合并(基R)-意外结果
我正在尝试使用R中的合并(基R)-意外结果,r,join,merge,R,Join,Merge,我正在尝试使用R中的merge函数合并两个数据帧。这两个数据帧通过公共列advBucket进行合并,但是新数据帧中只存在advBucket中的第一个因子,我不理解 library("dplyr") dmB <- c(0.0, 0.5, 1.0, 2.0, 3.0, 4.0, 5.0, 6.0, 8.0, 10.0, 15.0, 20.0, 30.0, 100.0, 200.0) ordersDM$advBucket <- cut(ordersDM$adv, breaks=dmB, i
merge
函数合并两个数据帧。
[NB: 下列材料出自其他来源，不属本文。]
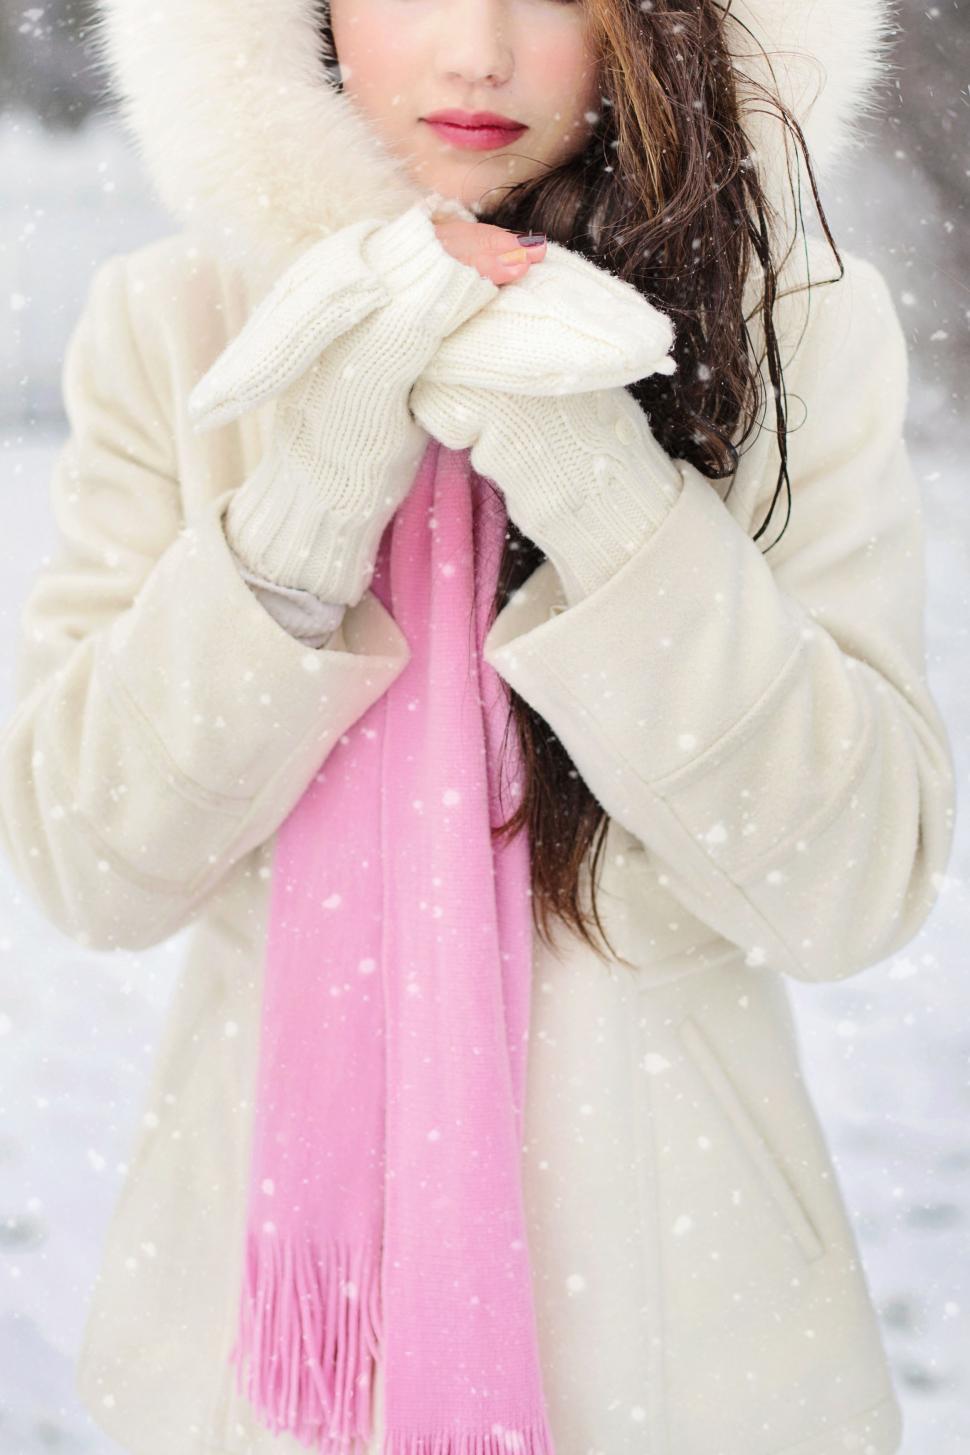 Free Stock Photo of Woman in white winter jacket in snow

这两个数据帧通过公共列advBucket
进行合并,但是新数据帧中只存在advBucket
中的第一个因子,我不理解
library("dplyr")
dmB <- c(0.0, 0.5, 1.0, 2.0, 3.0, 4.0, 5.0, 6.0, 8.0, 10.0, 15.0, 20.0, 30.0, 100.0, 200.0)
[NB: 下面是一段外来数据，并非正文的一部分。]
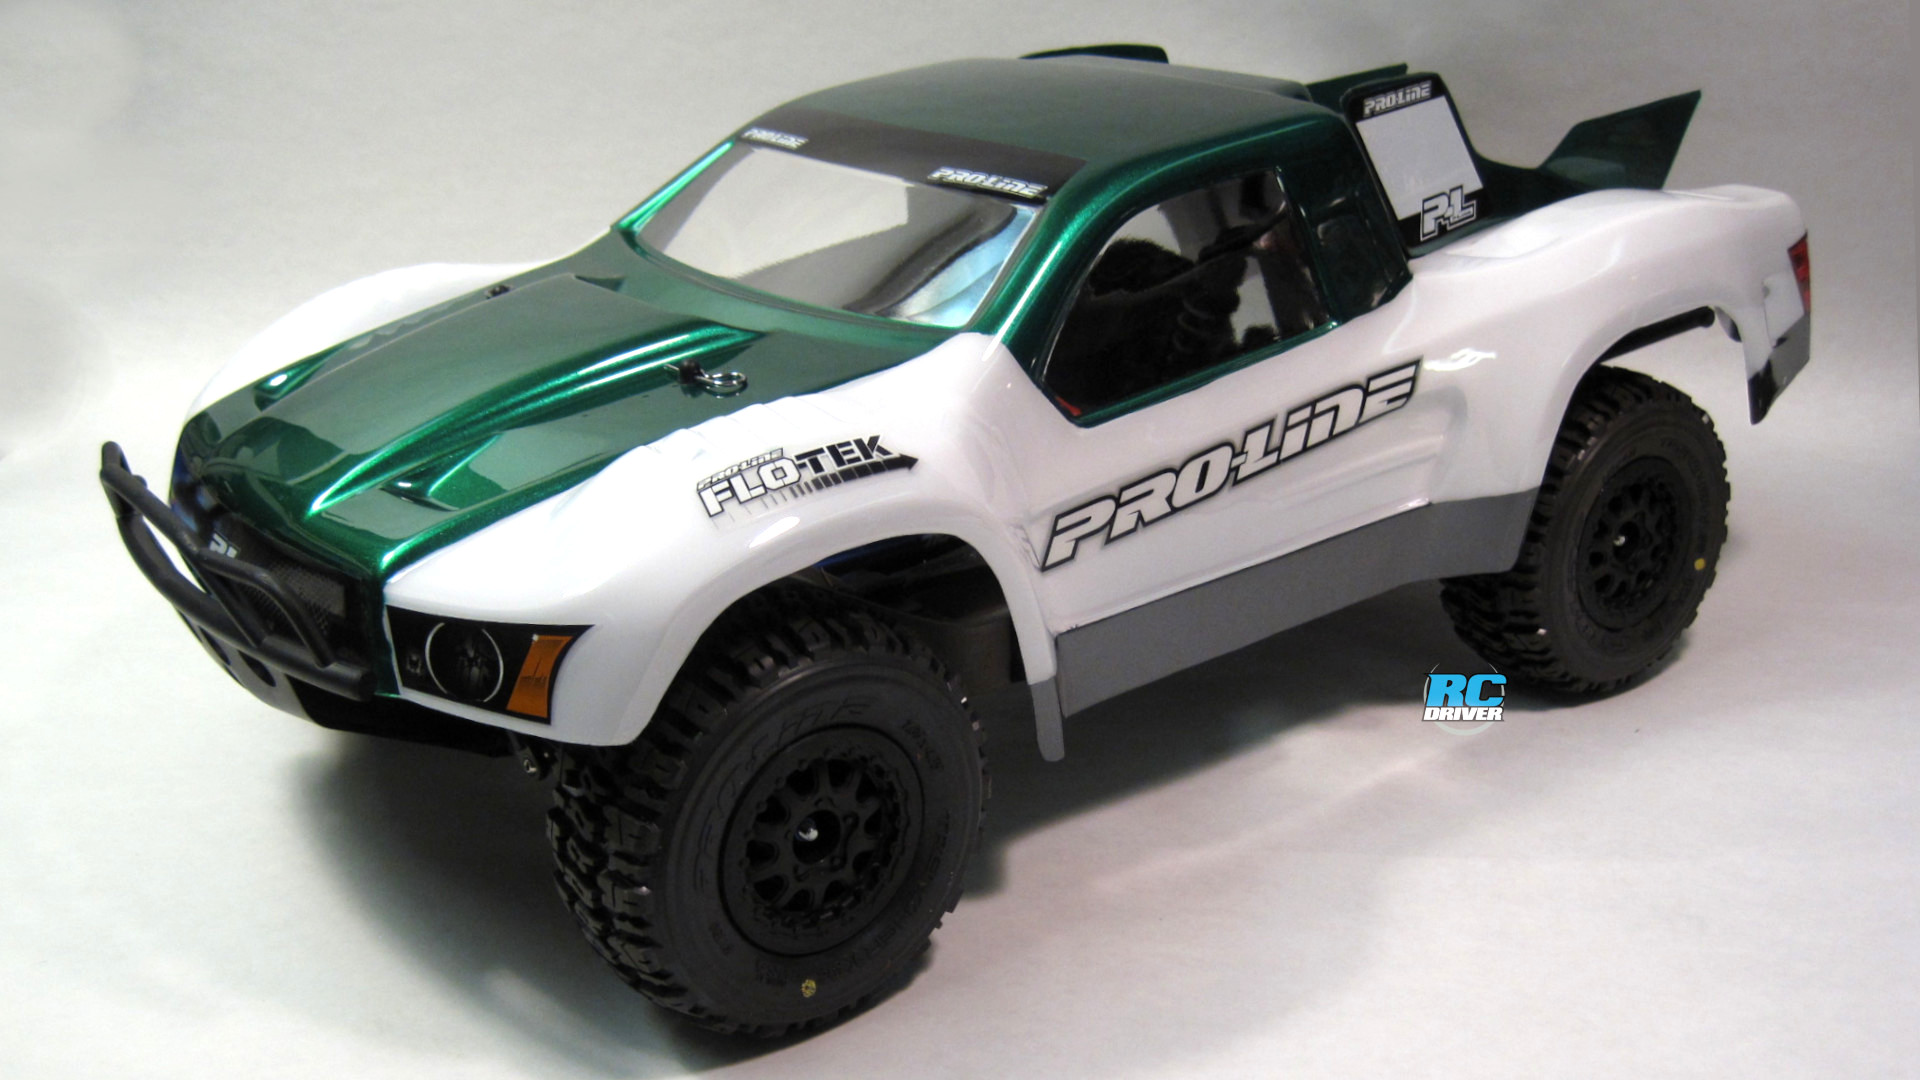 Simple rattle can paint scheme that anyone can do - RC Driver

ordersDM$advBucket <- cut(ordersDM$adv, breaks=dmB, include.lowest=TRUE, right=TRUE)
temp1 <- summarize( group_by(ordersDM, advBucket),
eISmedian = median(is),
eISmean = mean(is))
orders1 <- merge(ordersDM, temp1, by = "advBucket", all=TRUE)
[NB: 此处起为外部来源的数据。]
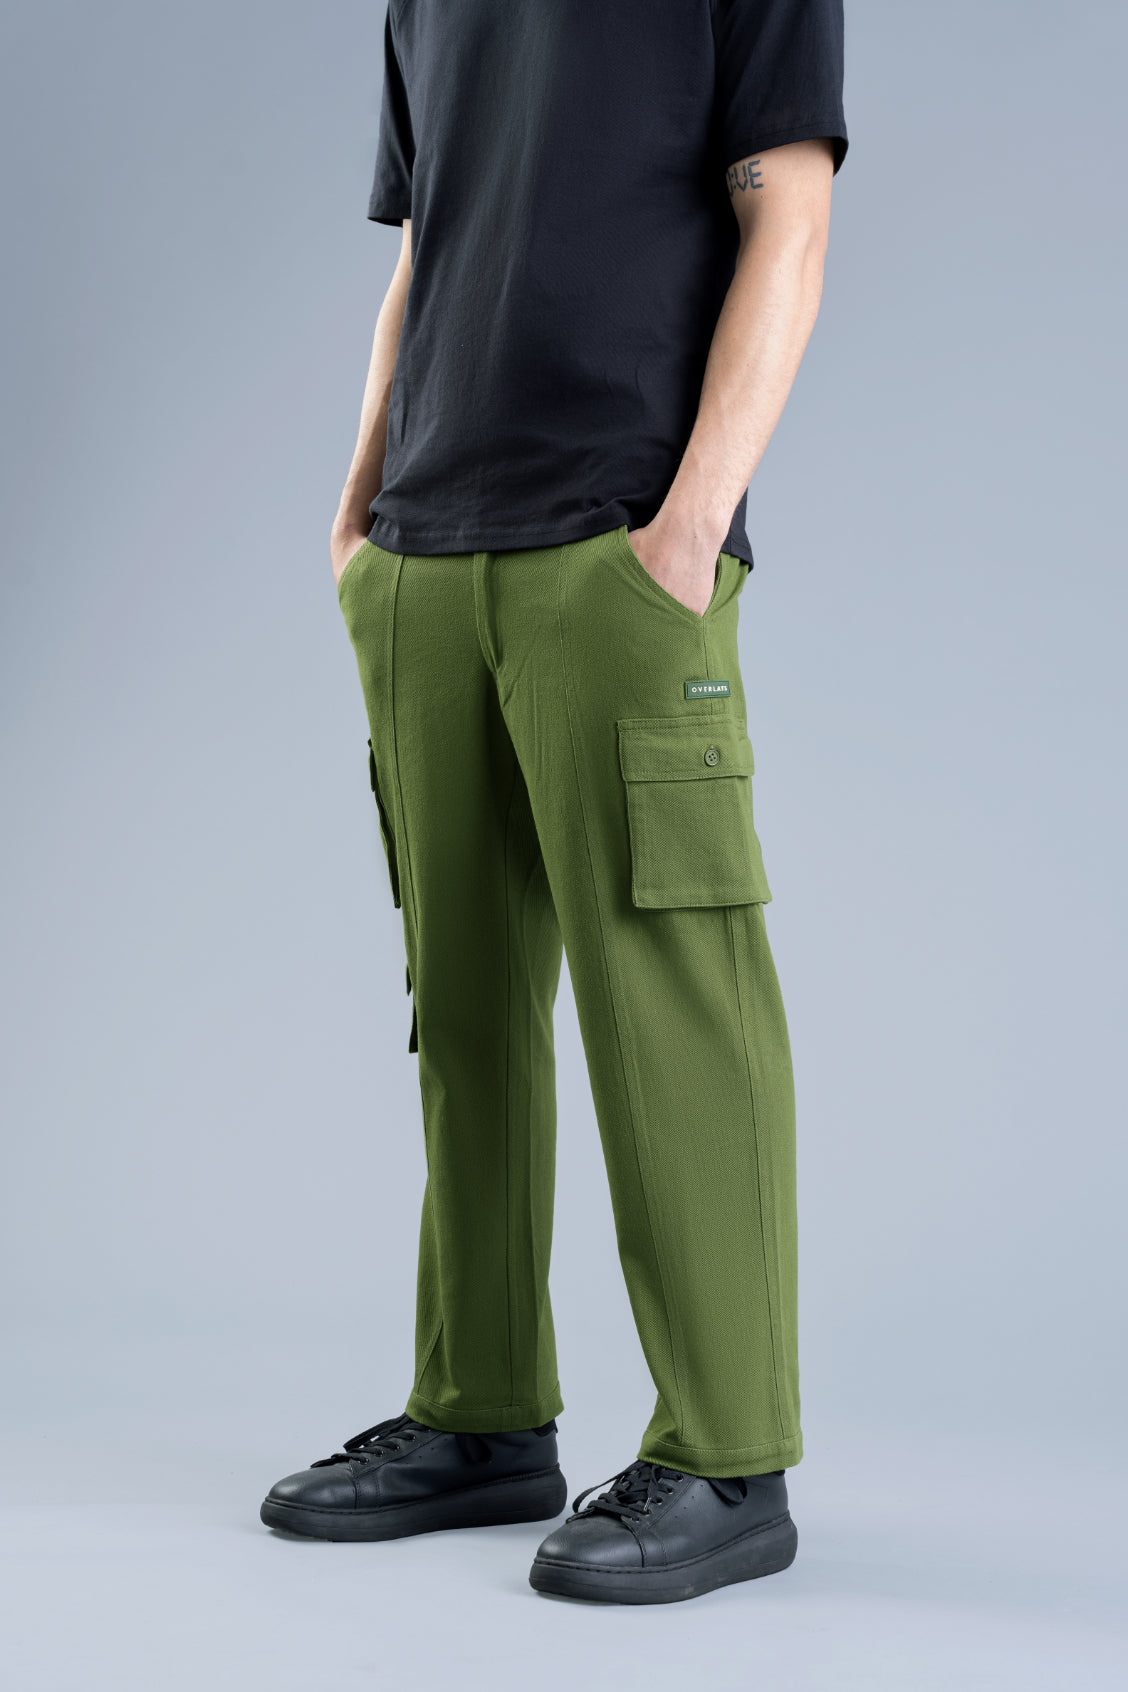 Olive green pant/trouser outfits (formal) men | Olive green pants, Trouser  outfits, Green pants

意外结果:ordersDM$advBucket仅包含(0.5,1),ordersDM$adv仅包含介于0.5和1.0之间的值
identical( levels(ordersDM$advBucket), levels( temp1$advBucket) )
[1] TRUE
dput(head(ordersDM$advBucket))
structure(c(13L, 9L, 13L, 13L, 13L, 6L), .Label = c("[0,0.5]",
"(0.5,1]", "(1,2]", "(2,3]", "(3,4]", "(4,5]", "(5,6]", "(6,8]",
"(8,10]", "(10,15]", "(15,20]", "(20,30]", "(30,100]", "(100,200]"
), class = "factor")
dput(head(temp1))
structure(list(advBucket = structure(1:6, .Label = c("[0,0.5]",
"(0.5,1]", "(1,2]", "(2,3]", "(3,4]", "(4,5]", "(5,6]", "(6,8]",
"(8,10]", "(10,15]", "(15,20]", "(20,30]", "(30,100]", "(100,200]"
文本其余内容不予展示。